▸ **THE TASK**: When you repeat the listing below, keep every word exactly and leave out each picture.

▸ **RECORDED DATA**:
== Segment start ==

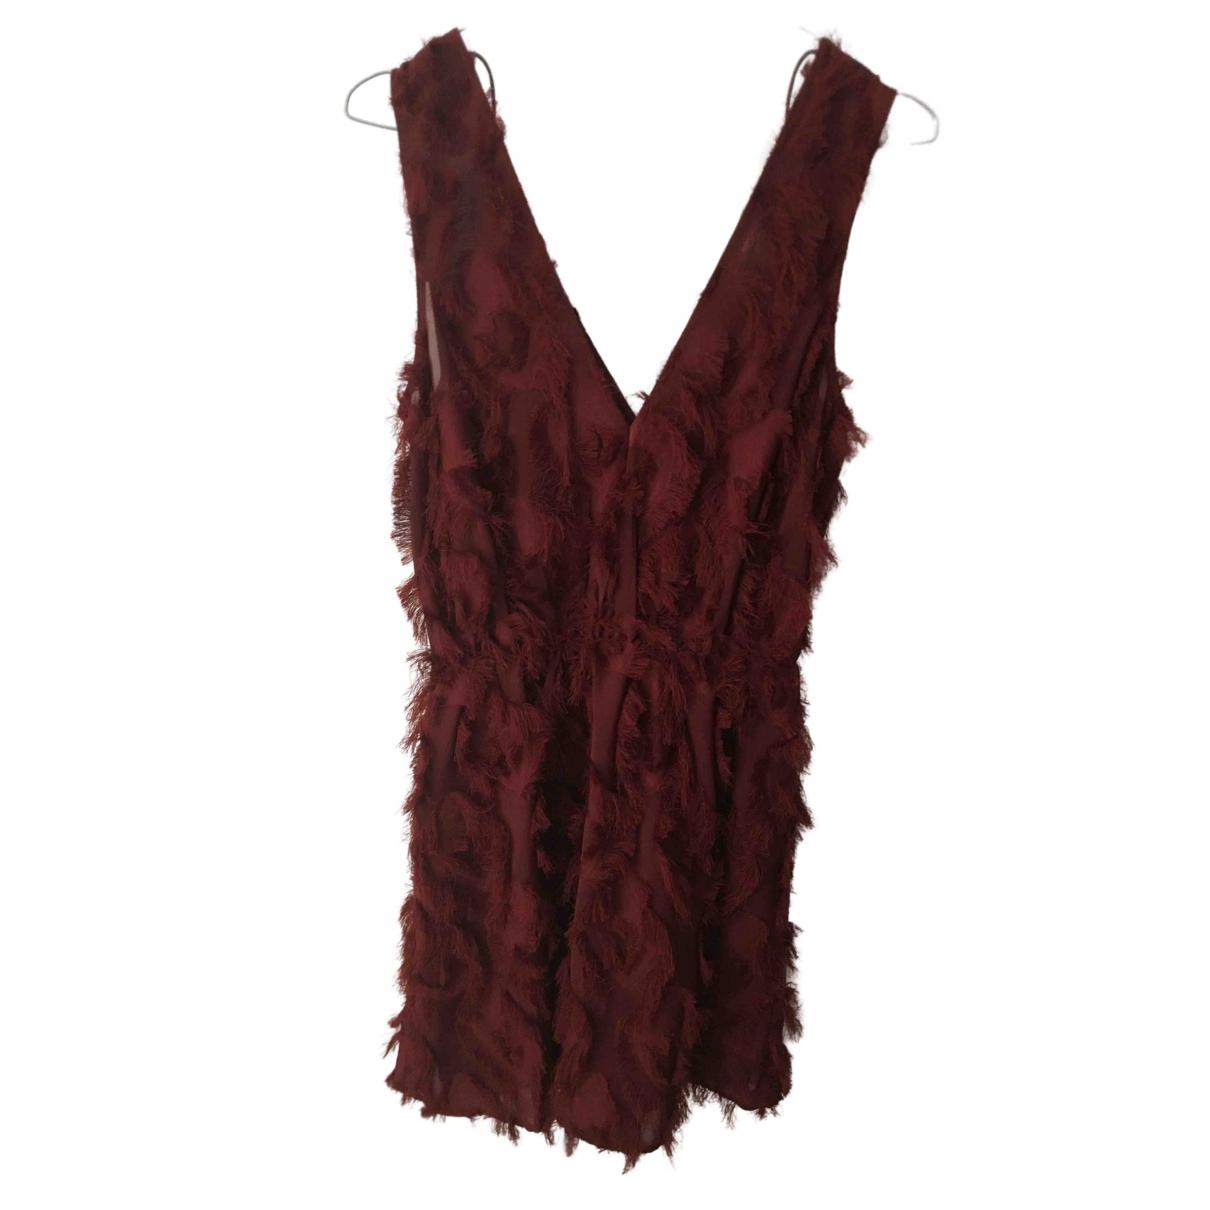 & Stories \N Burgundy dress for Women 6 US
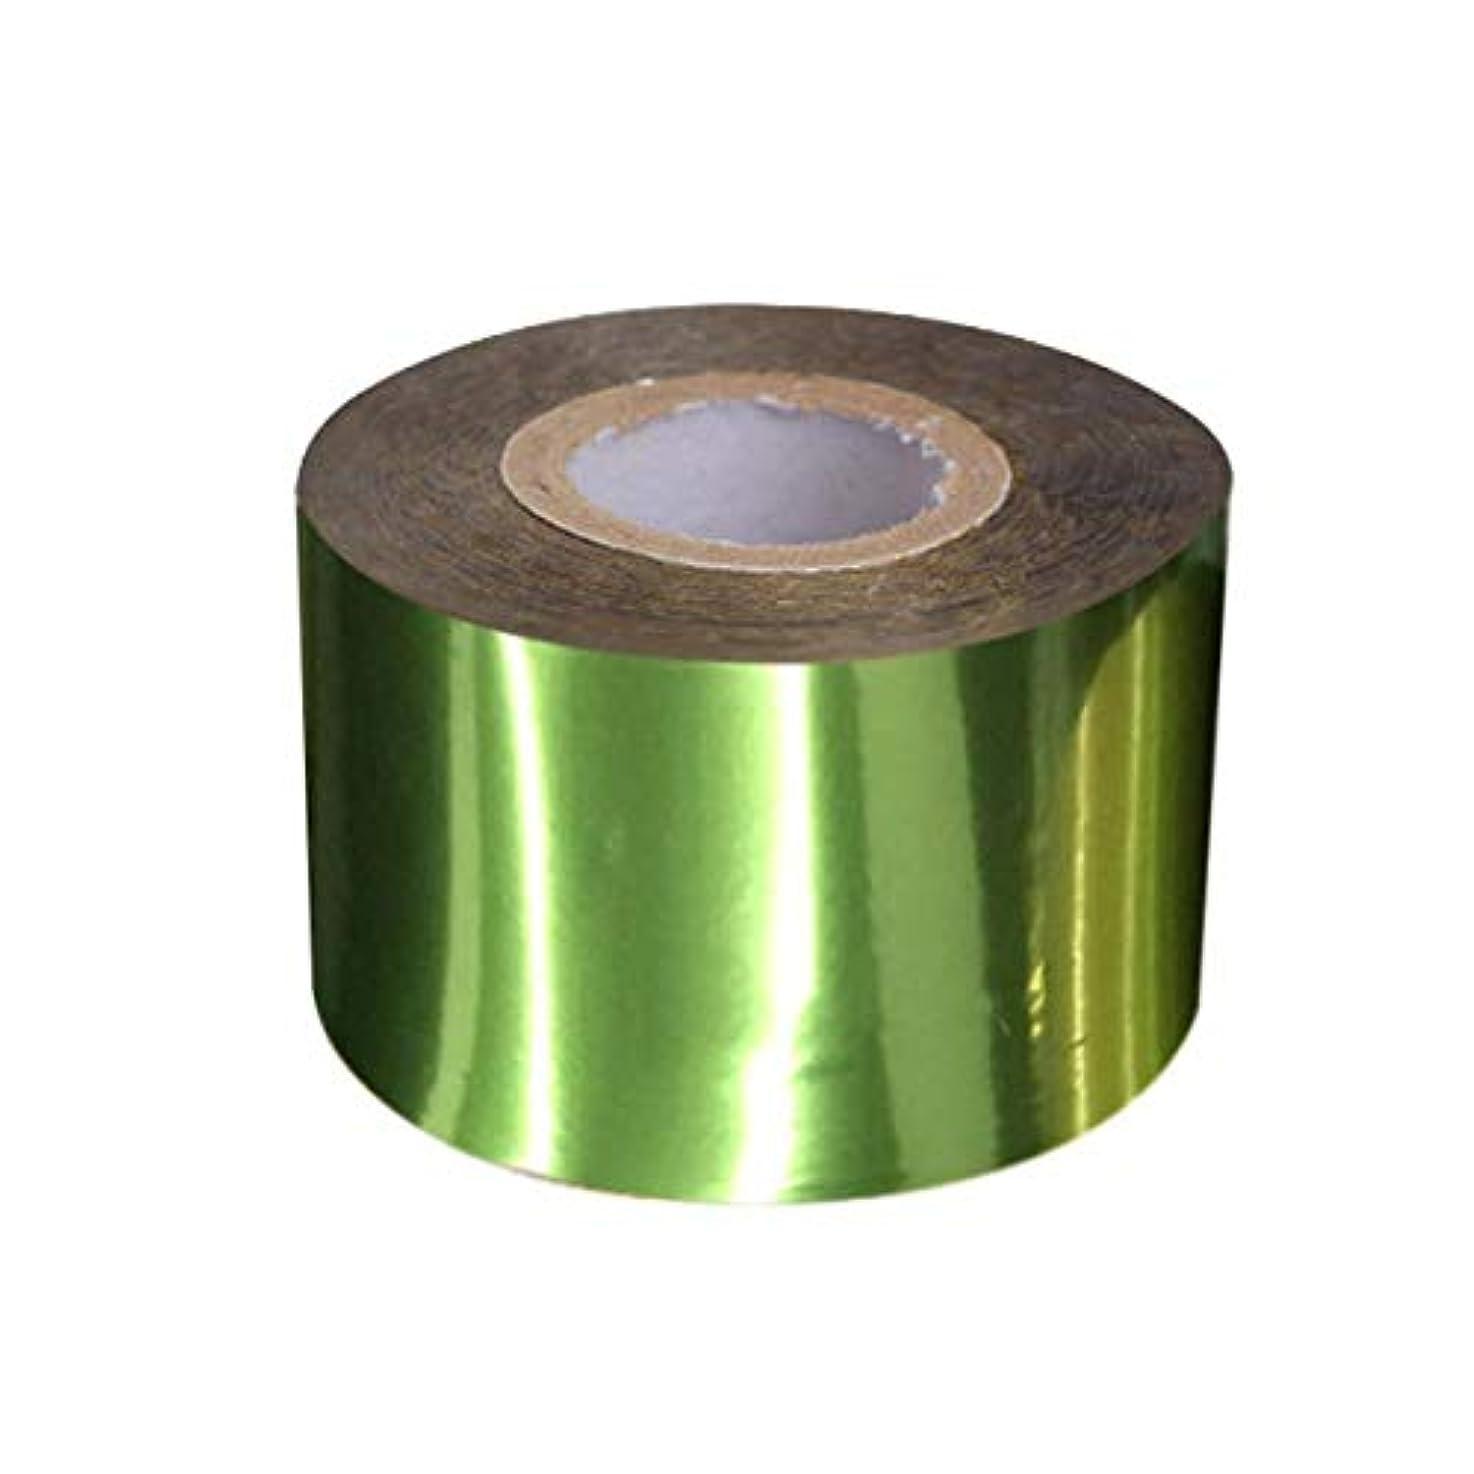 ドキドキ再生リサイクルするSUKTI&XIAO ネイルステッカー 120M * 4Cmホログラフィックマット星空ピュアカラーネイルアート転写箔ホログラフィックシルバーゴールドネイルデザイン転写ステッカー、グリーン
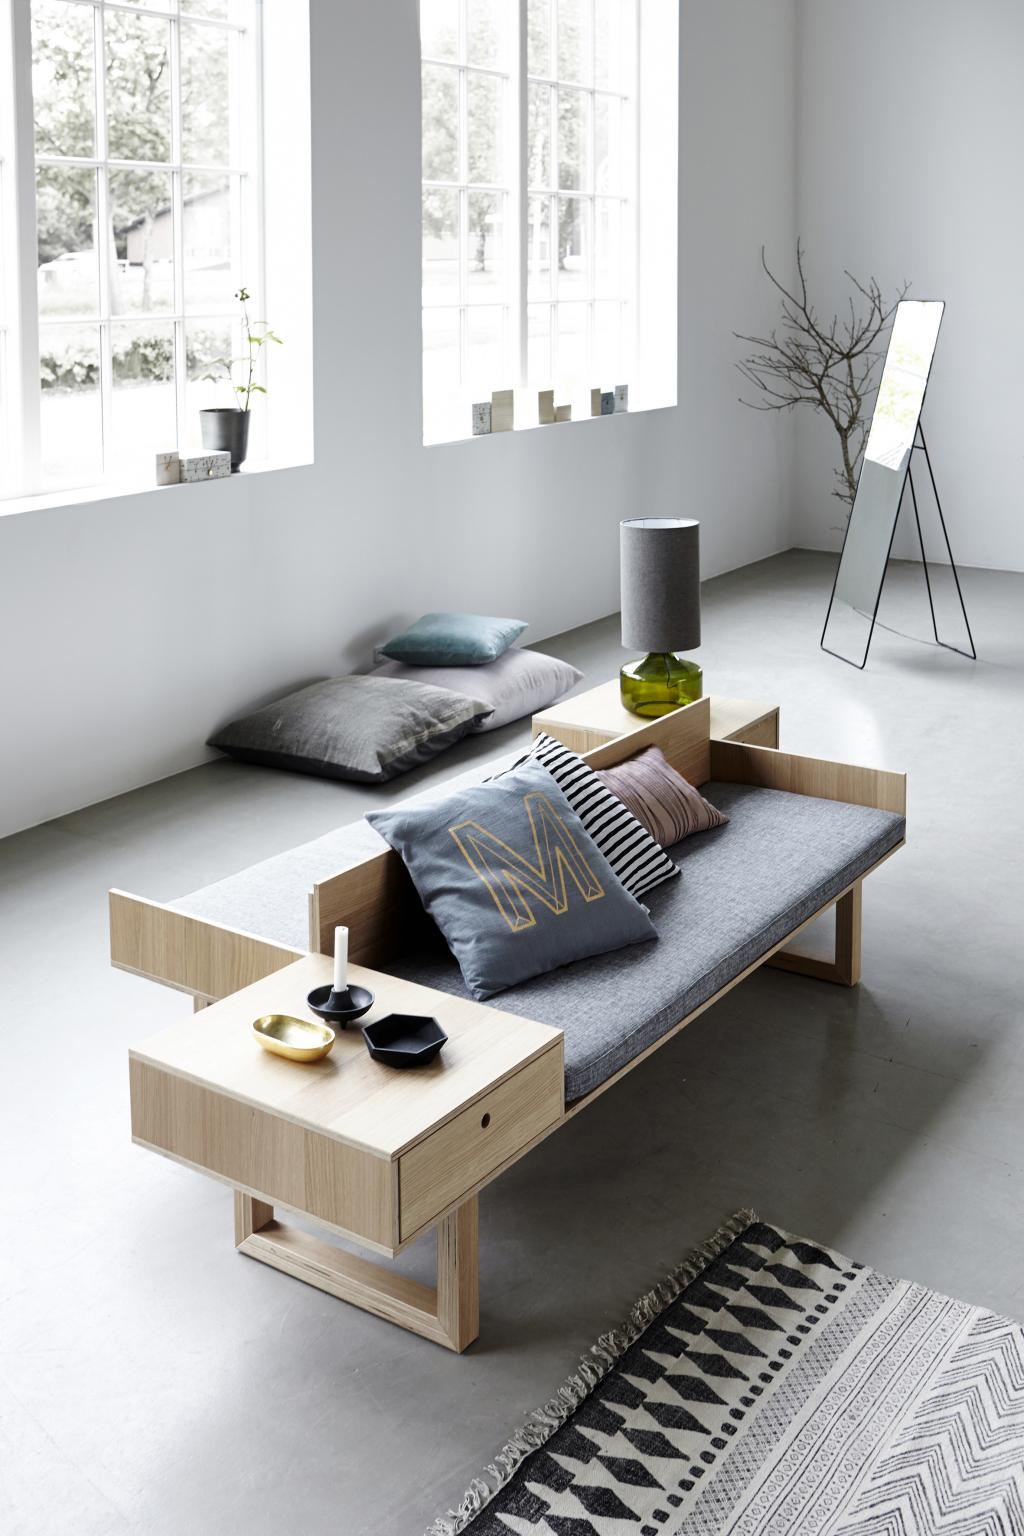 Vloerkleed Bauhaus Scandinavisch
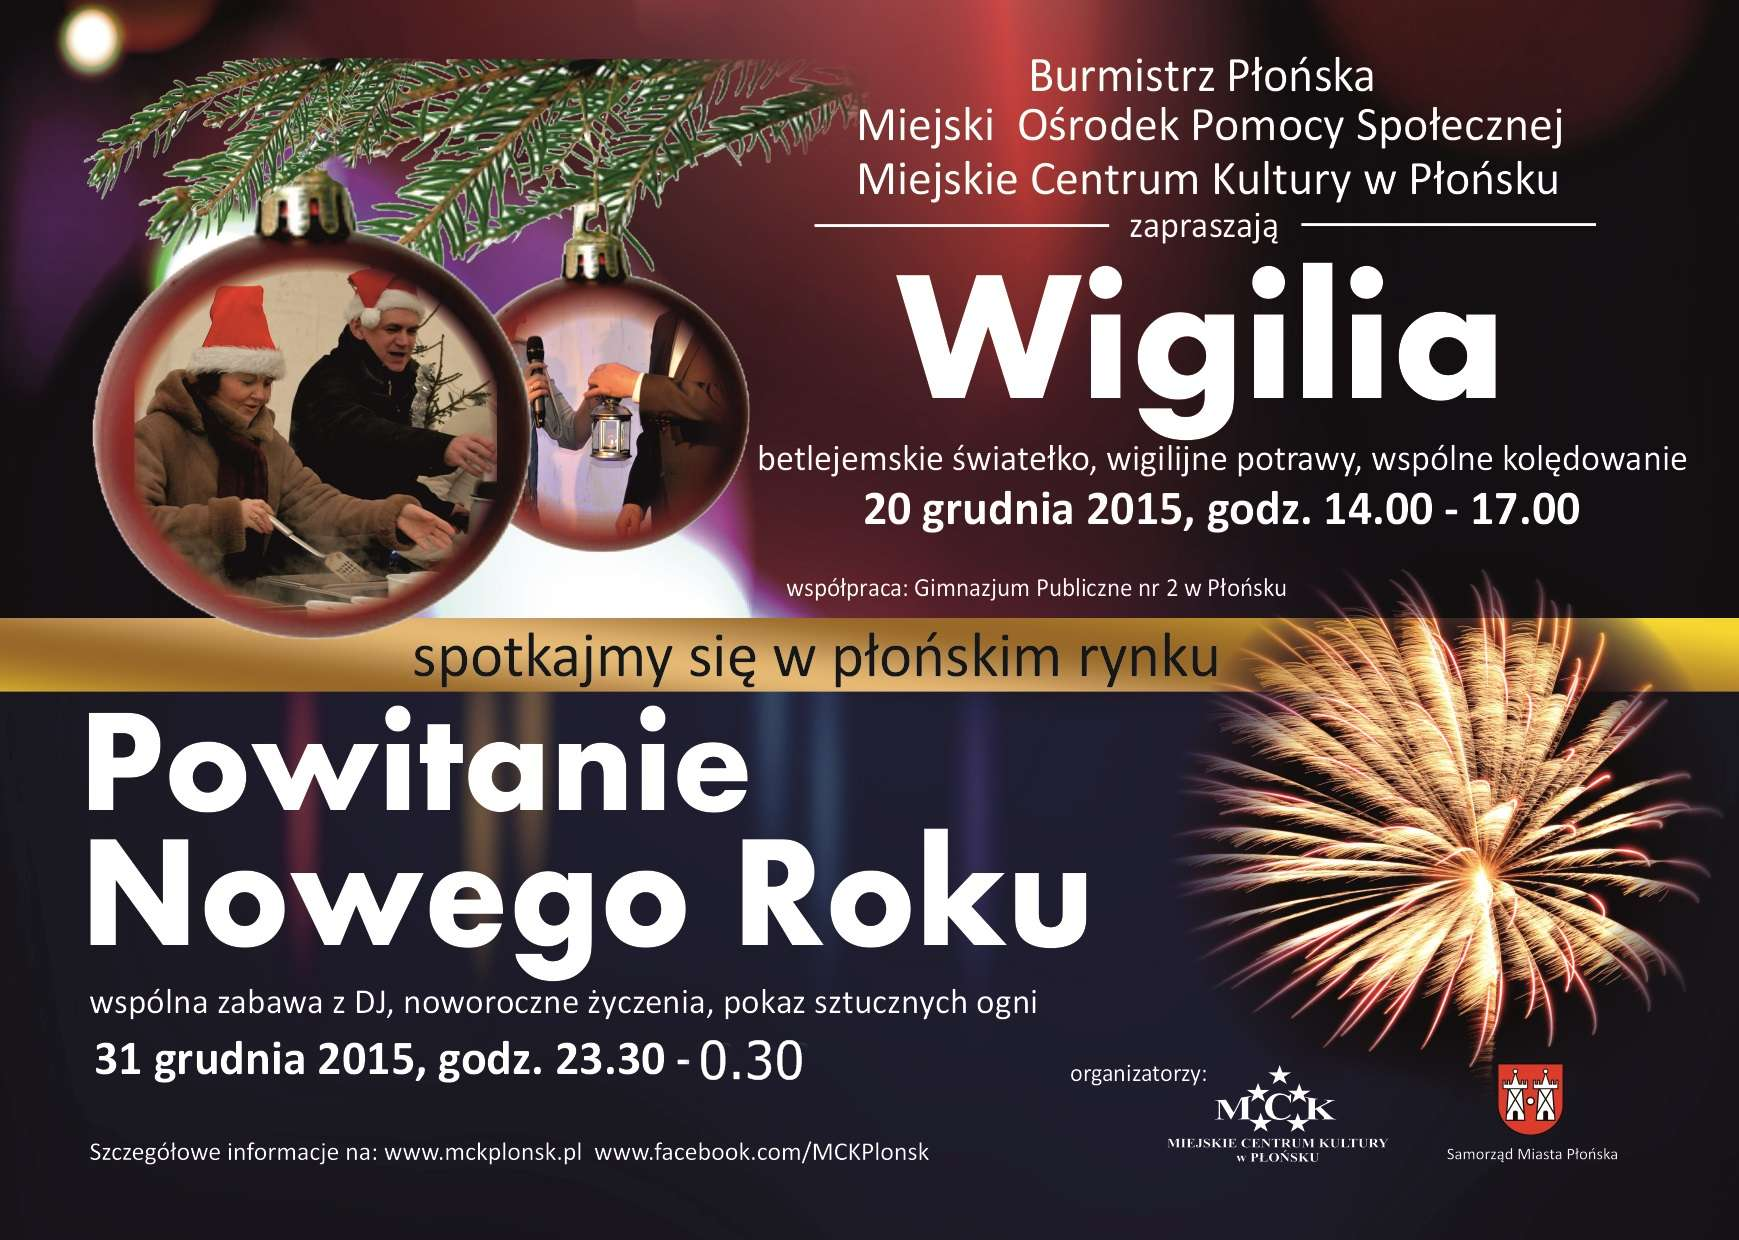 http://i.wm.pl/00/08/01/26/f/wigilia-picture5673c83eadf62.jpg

== Segment end ==

▸ **ANSWER TO THE PROBLEM**:
 & Stories \N Burgundy dress for Women 6 US
 ドキドキ再生リサイクルするSUKTI&XIAO ネイルステッカー 120M * 4Cmホログラフィックマット星空ピュアカラーネイルアート転写箔ホログラフィックシルバーゴールドネイルデザイン転写ステッカー、グリーン
 Vloerkleed Bauhaus Scandinavisch
 http://i.wm.pl/00/08/01/26/f/wigilia-picture5673c83eadf62.jpg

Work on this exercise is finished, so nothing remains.